The role that norms play as regulator mechanisms of certain aspects of social, economic and organizational behaviours has been thoroughly studied in the social sciences [2], [3]. Once a norm has been established, it acts as a self-reinforcement mechanism of behaviour. However, the emergence, diffusion and collapse of social norms are, in general, exempt from explicit mechanisms of control.

There are different kinds of norms depending on the type of social interaction. Concretely, in the economics field, an important research effort is focused on understanding the emergence of norms that determine the property distribution in a community. Thus, in contrast to the equity norm that leads to “distributive justice” and fair division of goods in some communities, there is also evidence of systematic persistence of discriminatory norms that allocate different shares of a resource according to some individual characteristic or group membership.

Evolutionary game theory is a powerful framework to analyse this type of norms formally. In particular, the Nash bargaining game [4] is often used as a simple archetypical model of economic interaction and good distribution. Succinctly, the two-player Nash bargaining game consists of two players that have to divide a sum of money among them. The payoff for each player is the amount of money they asked for, but if the sum of the demands exceeds the total, they both obtain nothing.

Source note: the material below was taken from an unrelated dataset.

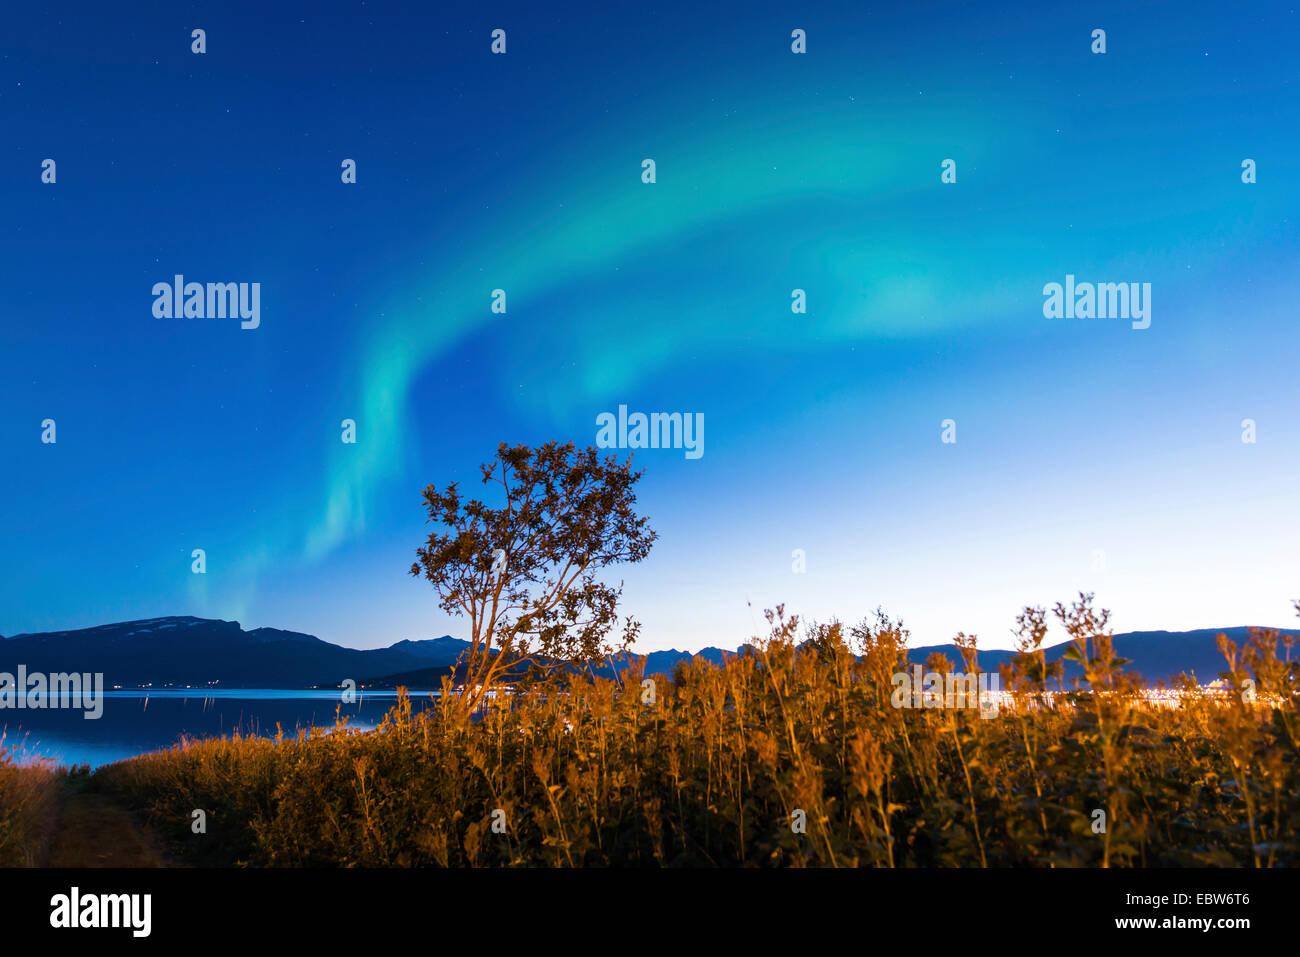 aurora bows over tree, Norway, Troms, Sandnessund, Tromsoe - Stock Image
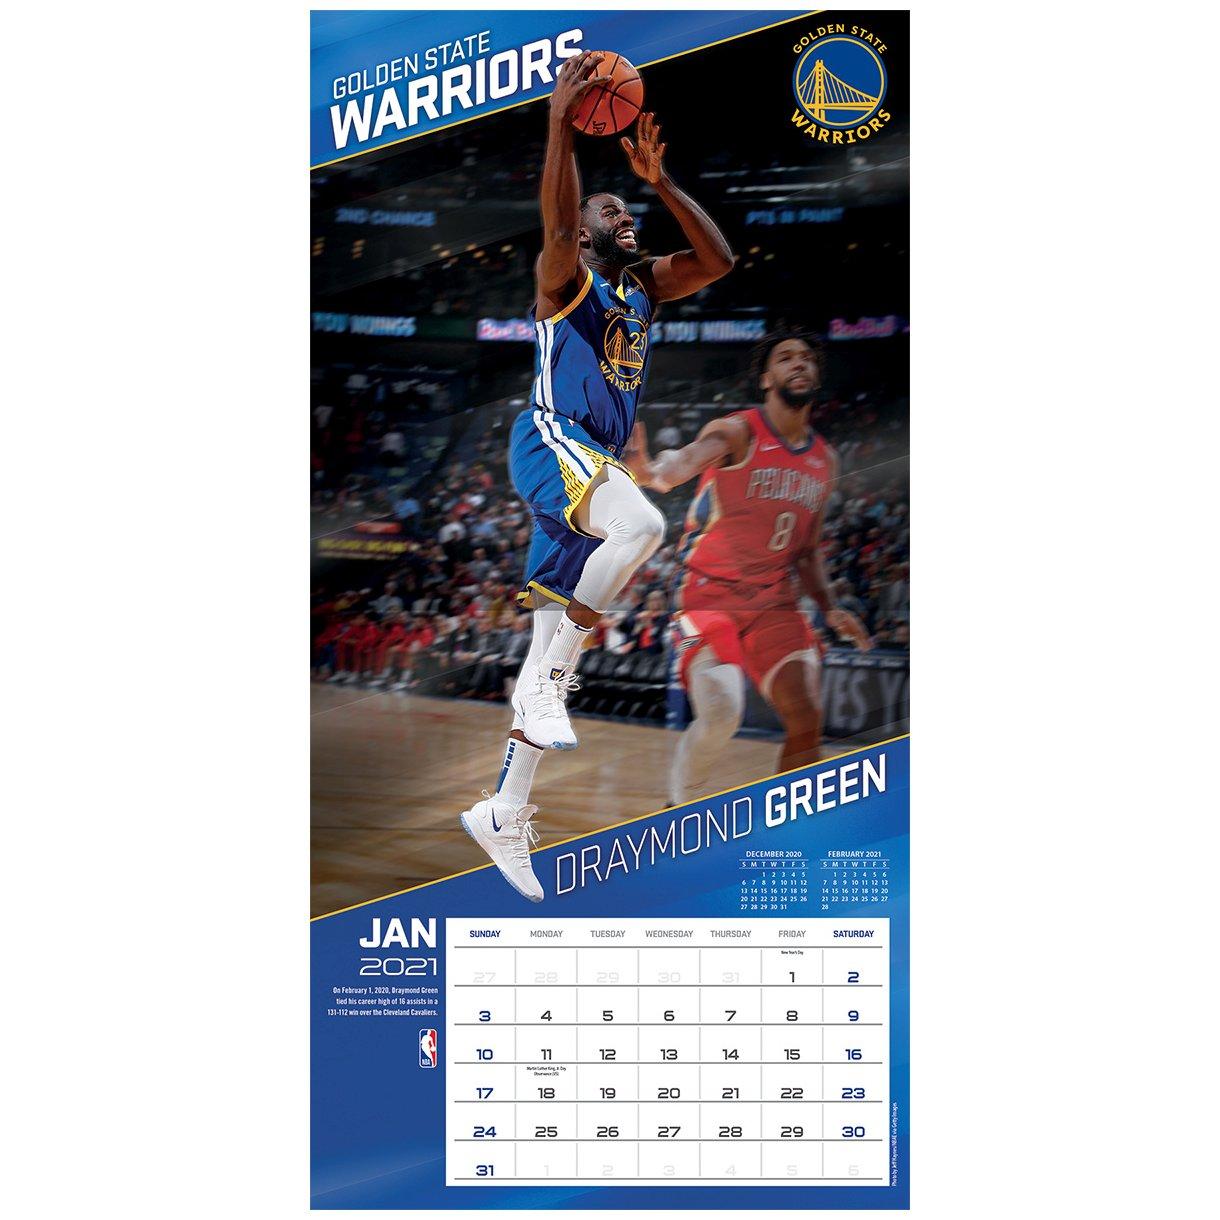 Turner NBA 30x30cm Wall Calendar 2021 Golden State Warriors - One Size | eBay

If the game is played repeatedly among an infinite population of players that are randomly paired up and change their strategy according to the replicator dynamics then, given a particular initial condition, it is possible to compute the distribution of strategies in the population over time [5]. Notwithstanding, the influence of such assumptions has proved very relevant for the results of evolutionary game models [6]. This is particularly relevant given that such assumptions are not always easy to justify.

In 2001, Axtell, Epstein and Young [1] proposed an agent-based model (henceforth AEY's model) to understand the transient and the asymptotic dynamics of the Nash demand game in a finite population. They simplified the analysis considering just three possible demands: low (L), medium (M) and high (H). They proved that different self-reinforcing norms can emerge spontaneously. These emergent norms may be completely different from one another even though all the agents of the population have exactly the same behavioural rule. Which particular norm appears first depends on initial conditions and on purely accidental events, such as the specific pair of agents that happened to be (randomly) paired at a certain time.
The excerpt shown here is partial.